_Exercise data:_
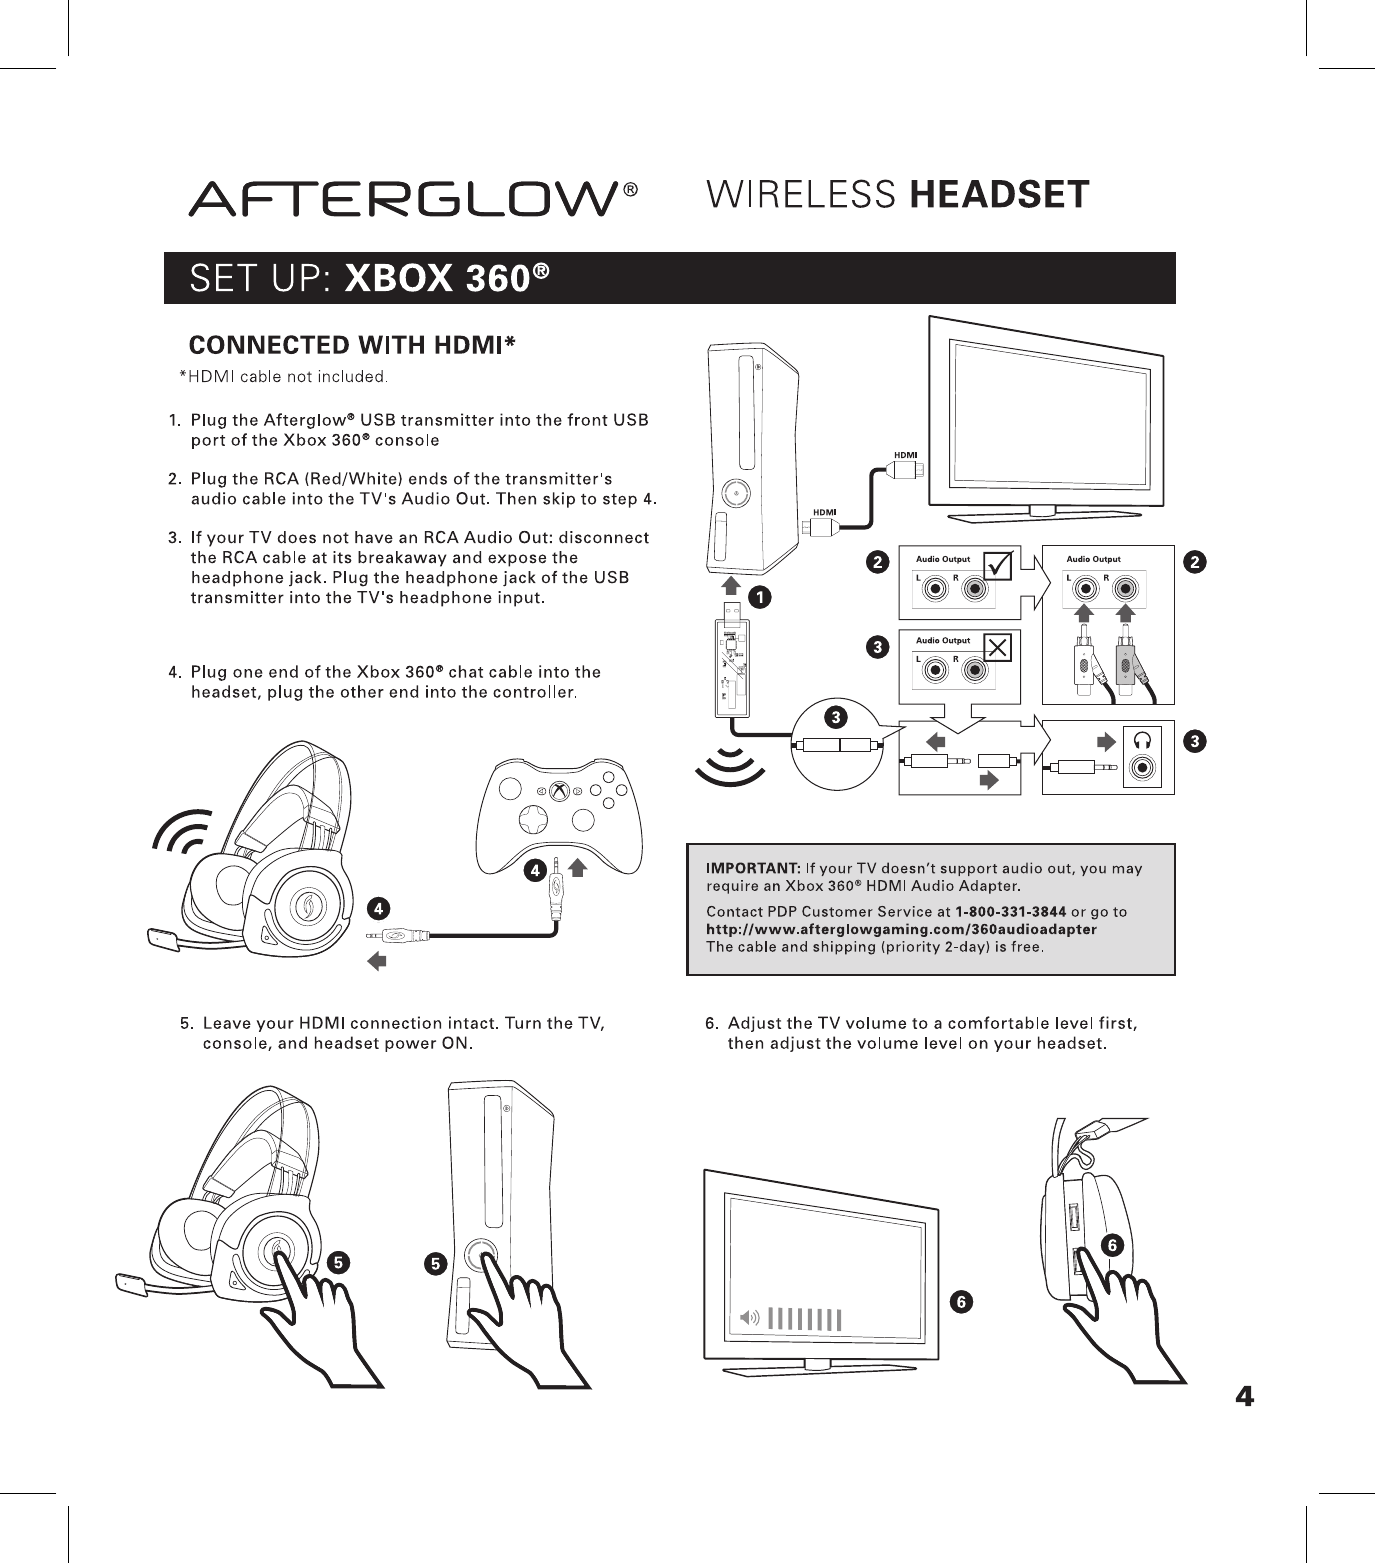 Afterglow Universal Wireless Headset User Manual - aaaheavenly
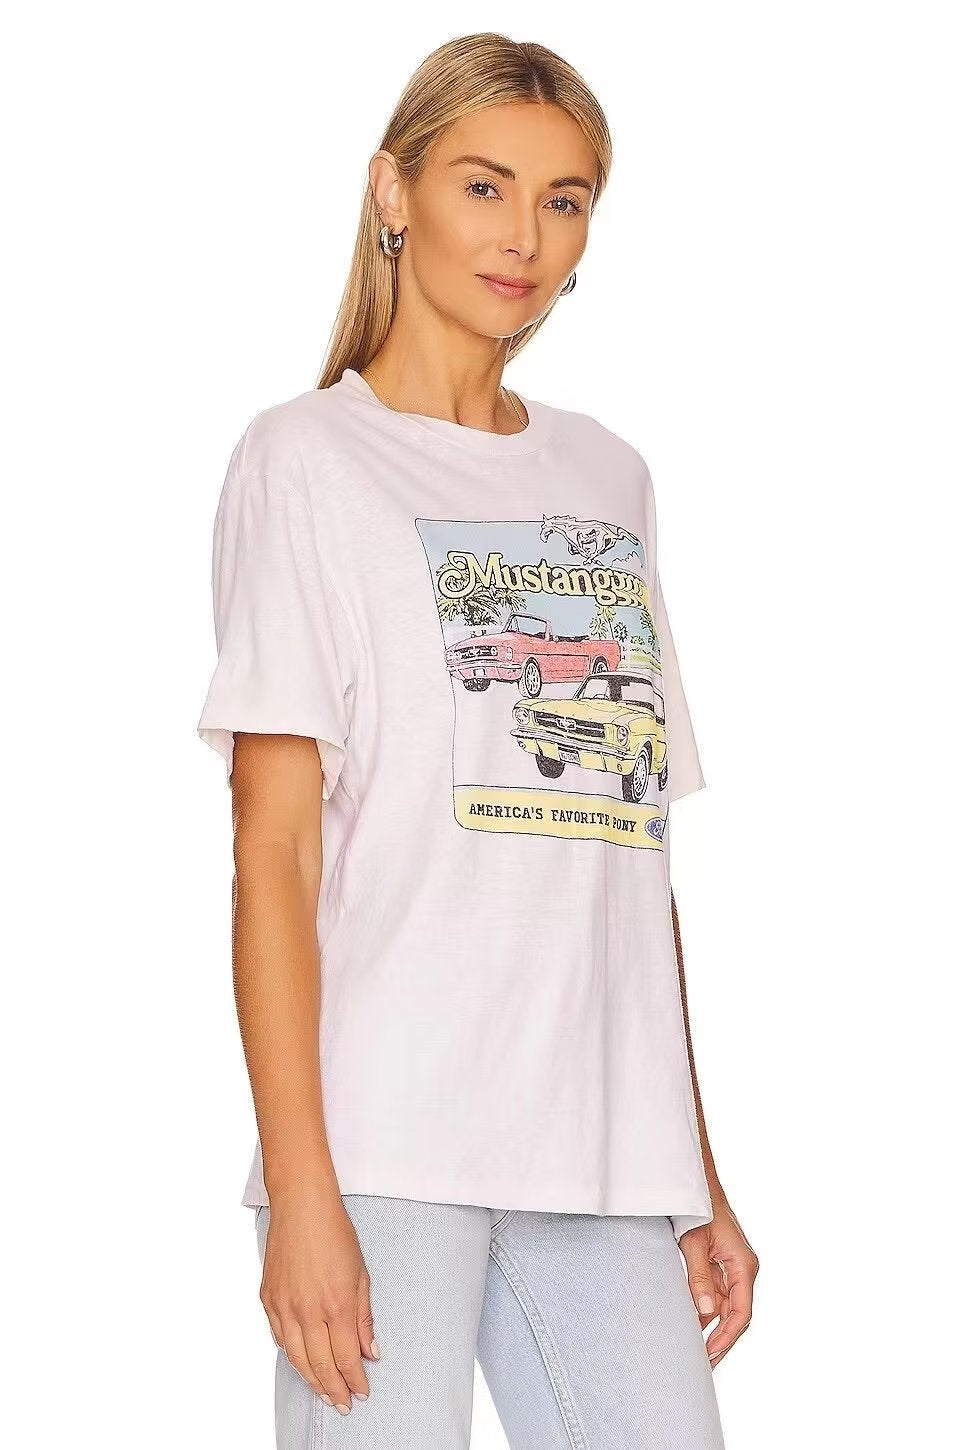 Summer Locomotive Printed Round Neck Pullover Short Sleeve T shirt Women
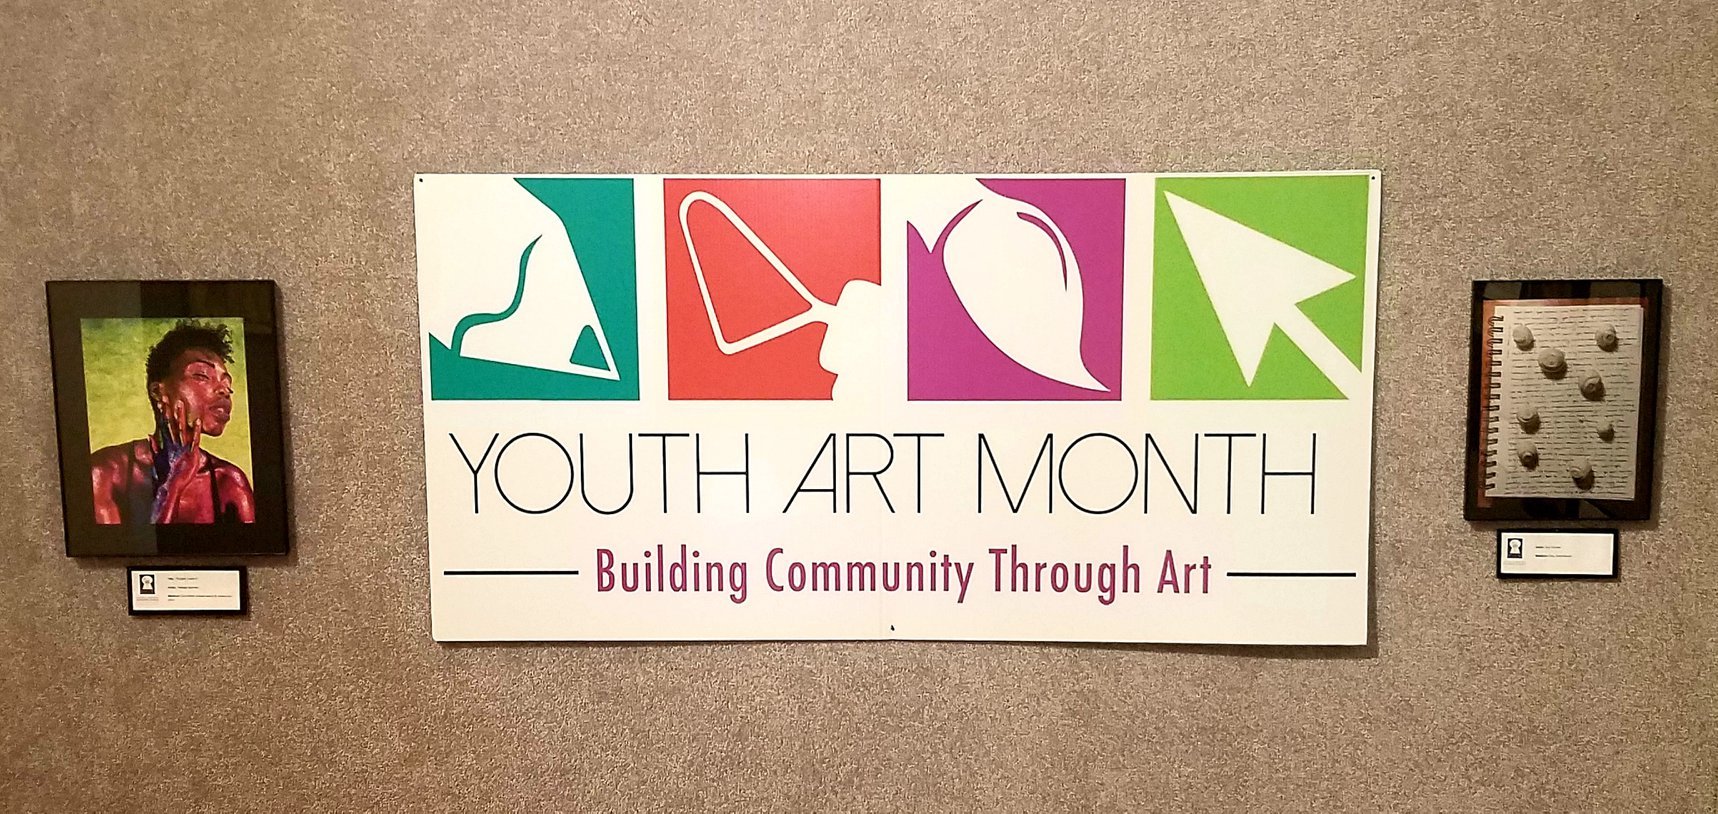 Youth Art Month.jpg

_To do:_
Would you give the data above again word for word, minus the pictures?

_Answer box:_
 Afterglow Universal Wireless Headset User Manual - aaaheavenly
 Summer Locomotive Printed Round Neck Pullover Short Sleeve T shirt Women
 Youth Art Month.jpg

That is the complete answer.